Goal of the exercise:
Restate the listing below word for word, and leave its pictures behind.

Source material:
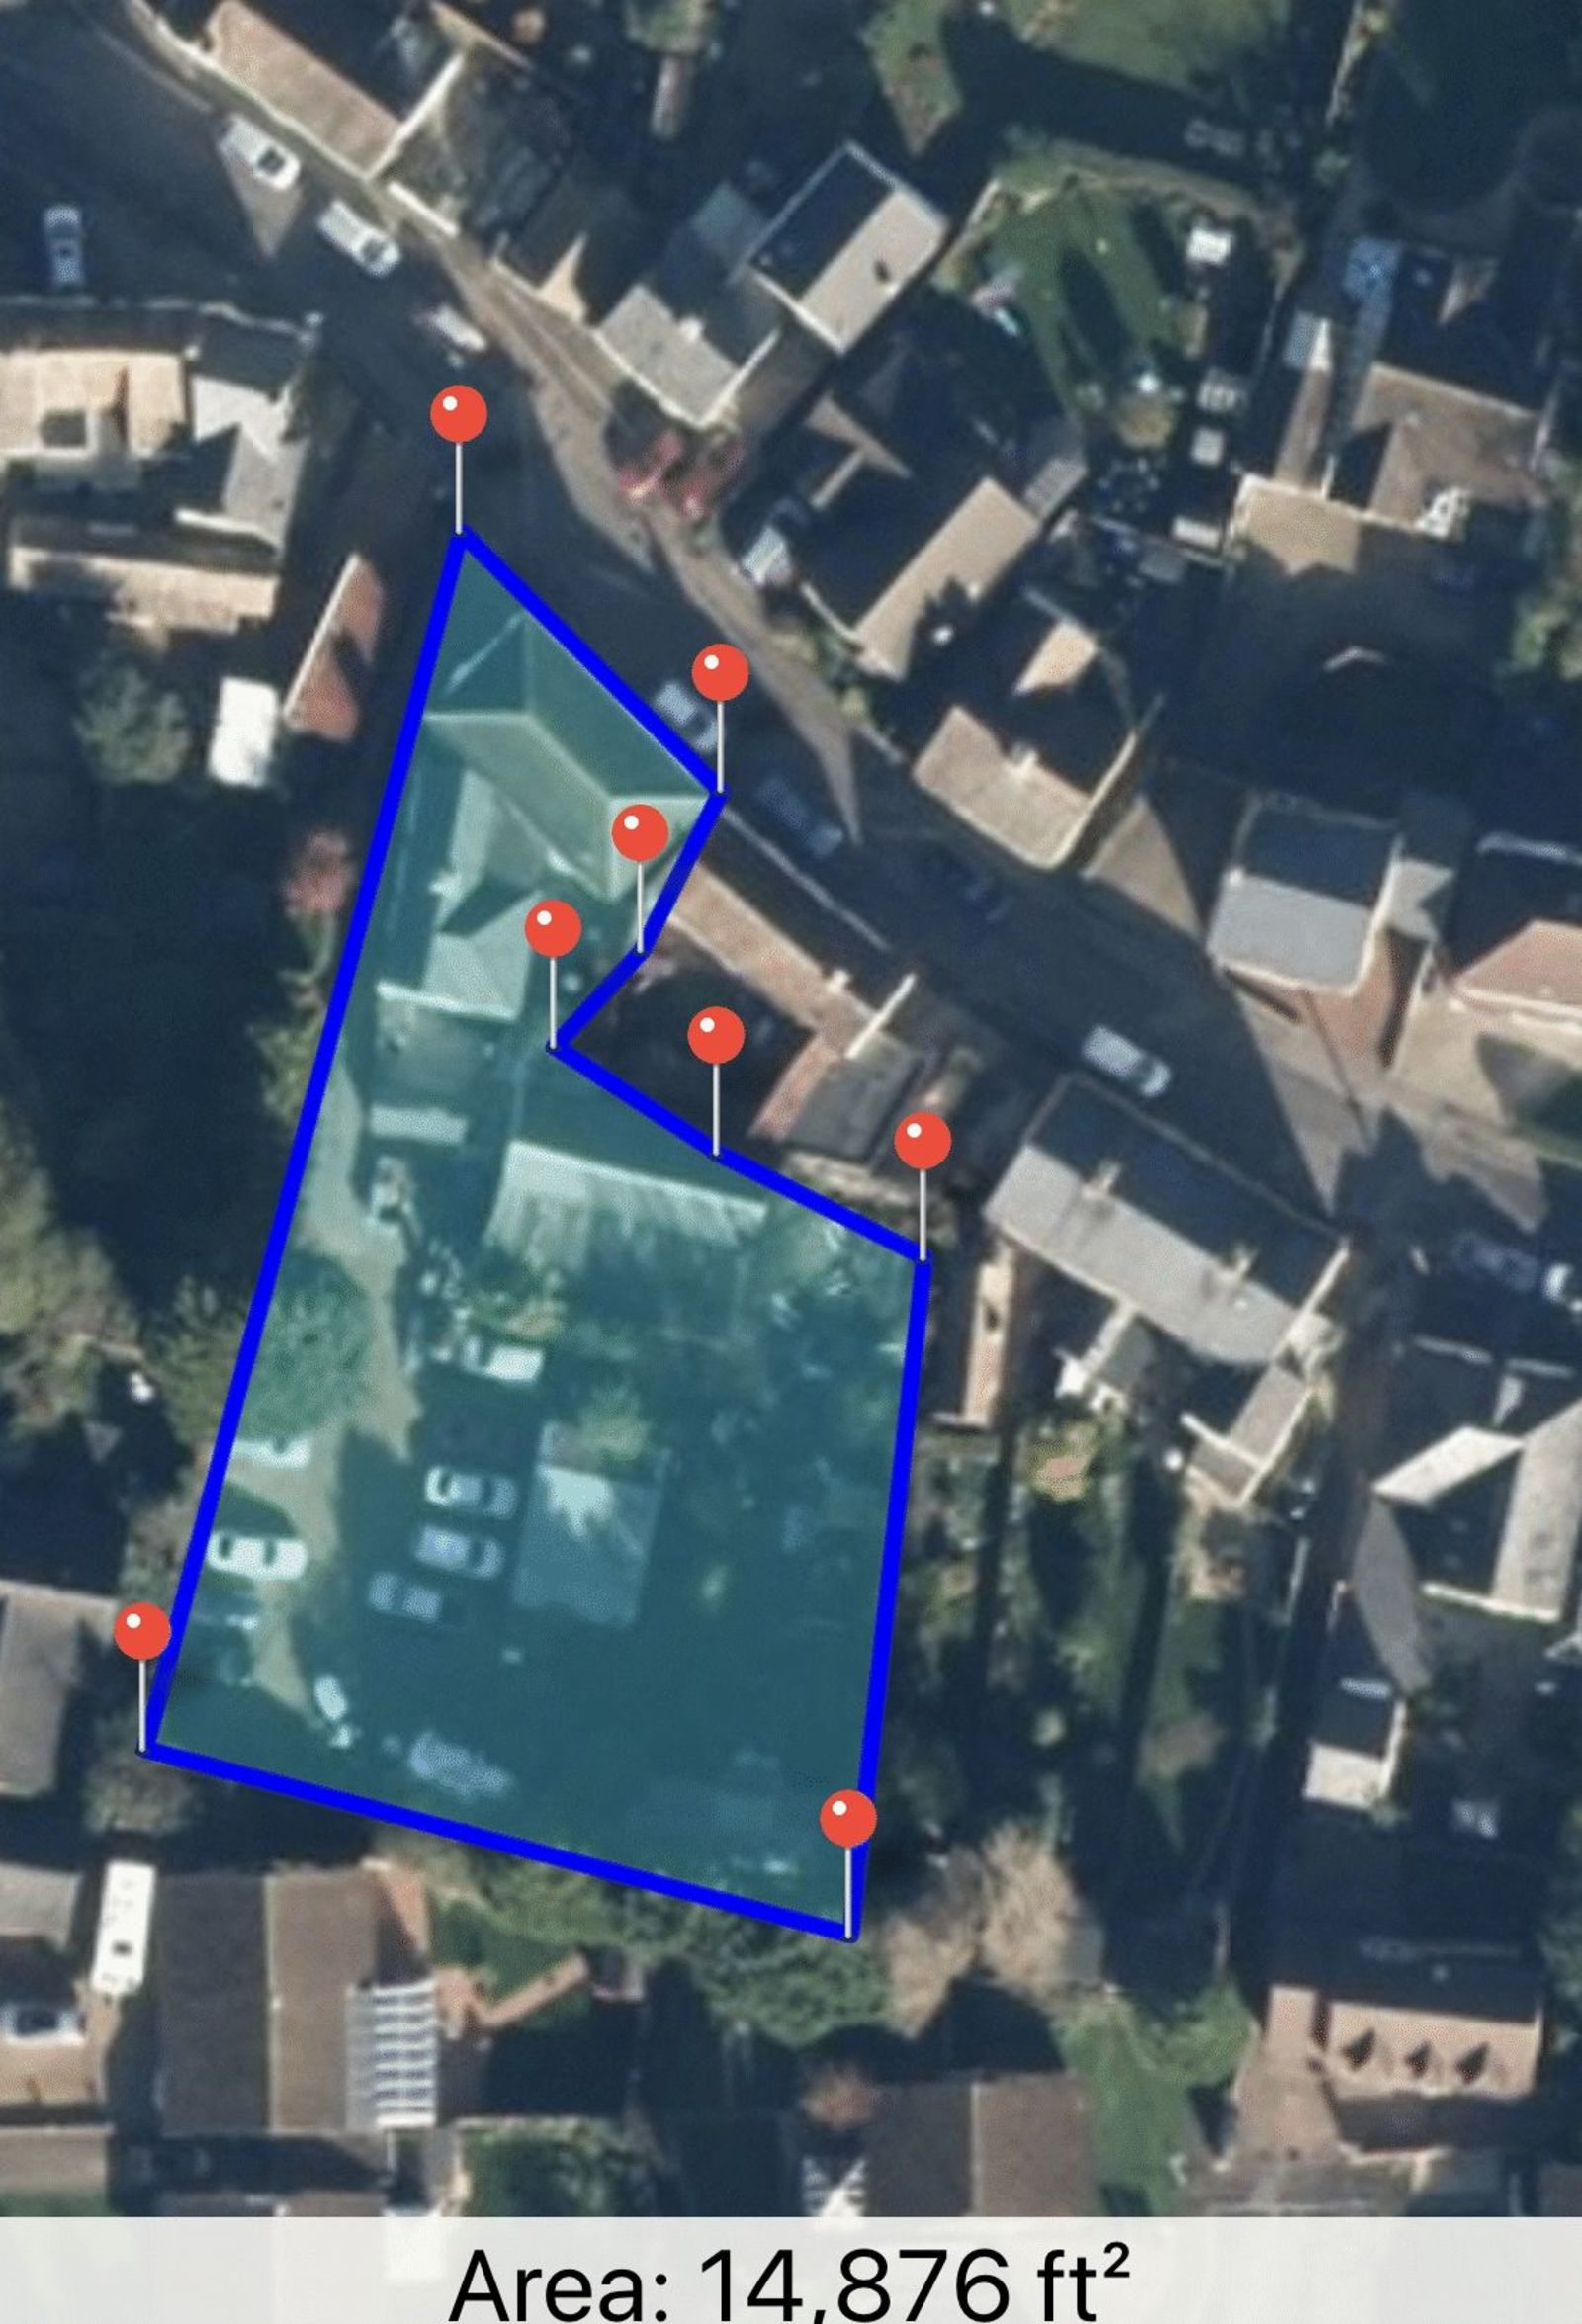 House for sale in Eaton Socon, Ackerman Street, PE19 8HR  - Property Image 1
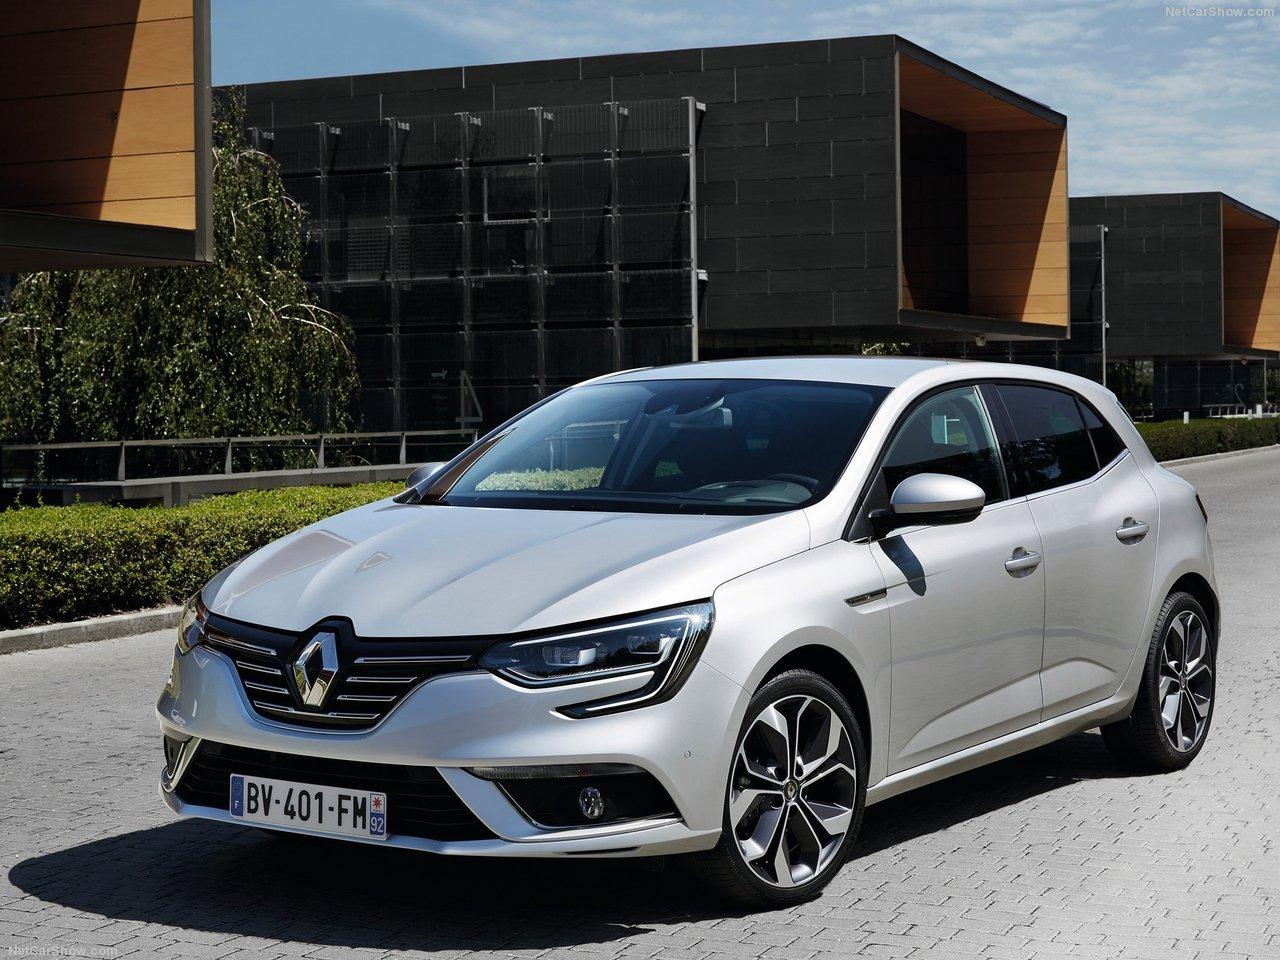 Renault-Megane_2016_1280x960_wallpaper_06
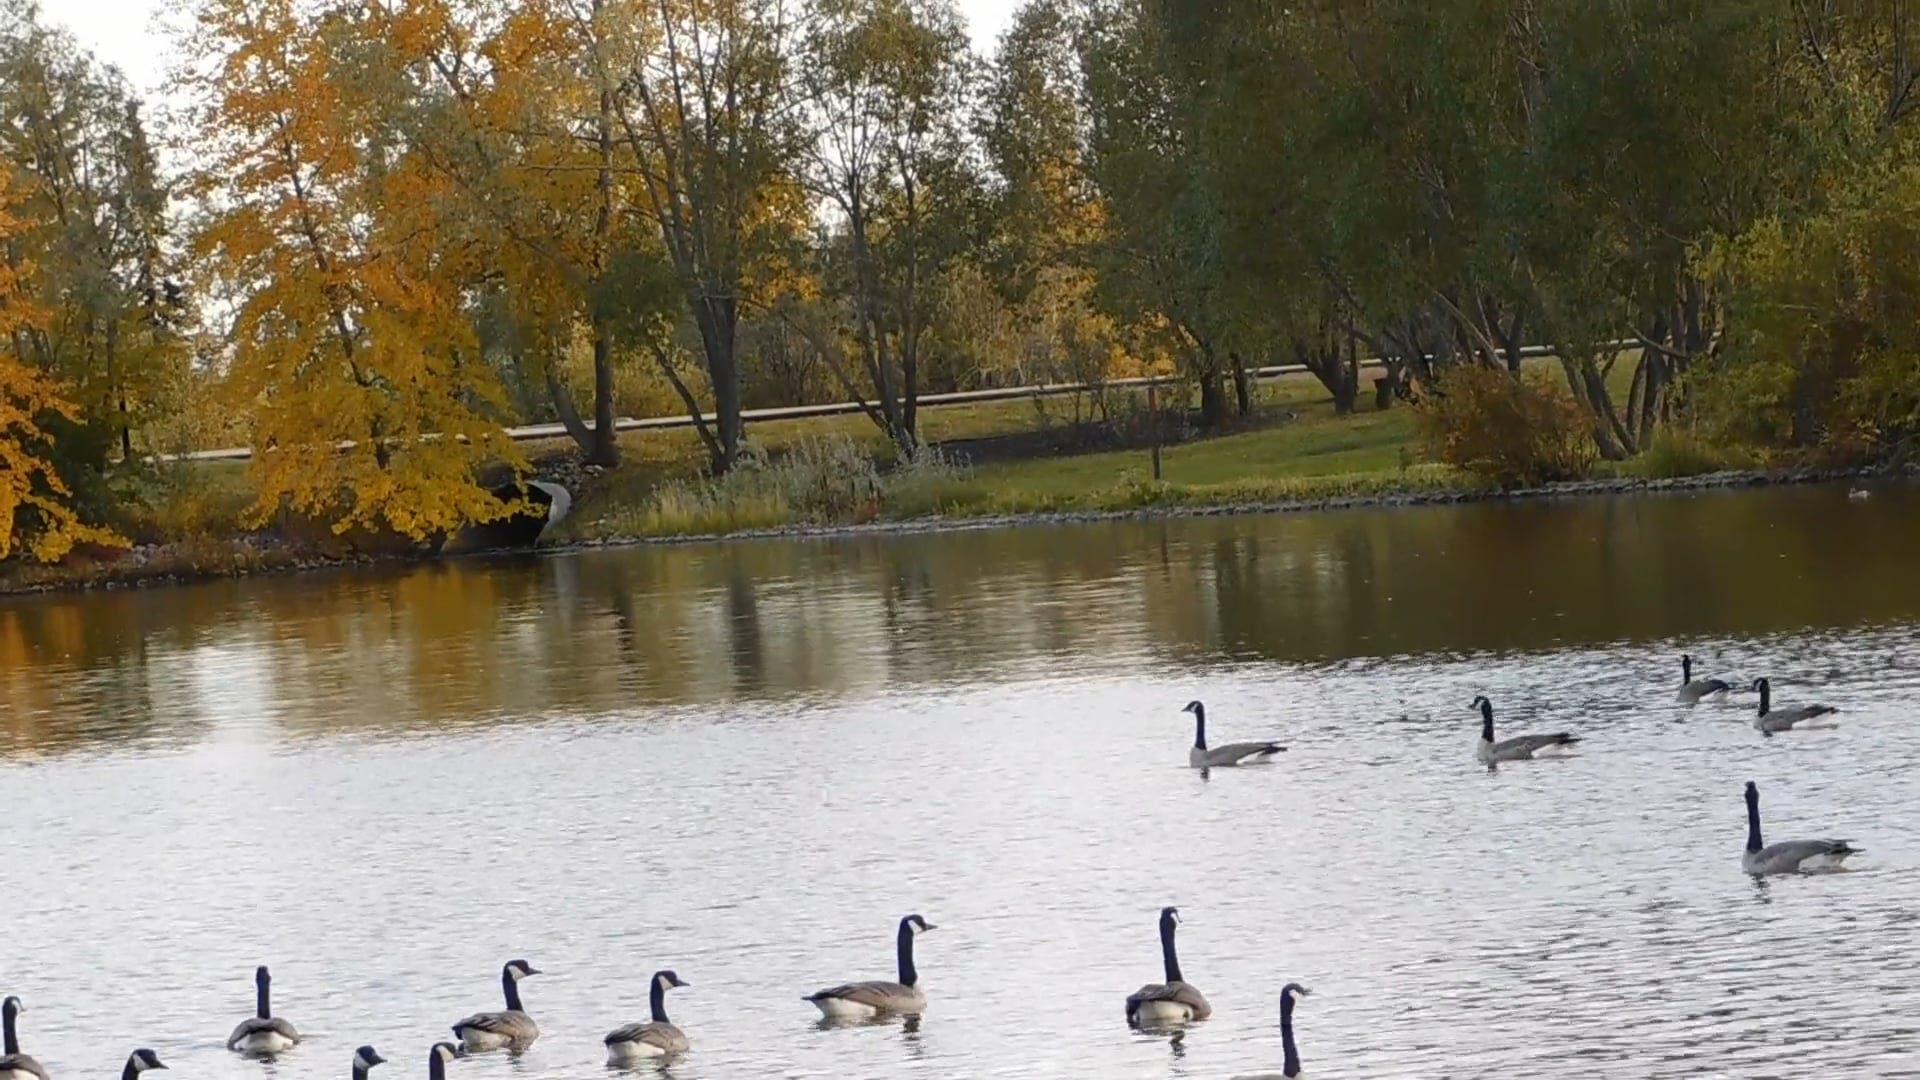 Birds In Flight-And Ducks On Water

Exercise result:
 House for sale in Eaton Socon, Ackerman Street, PE19 8HR  - Property Image 1
 Renault-Megane_2016_1280x960_wallpaper_06
 Birds In Flight-And Ducks On Water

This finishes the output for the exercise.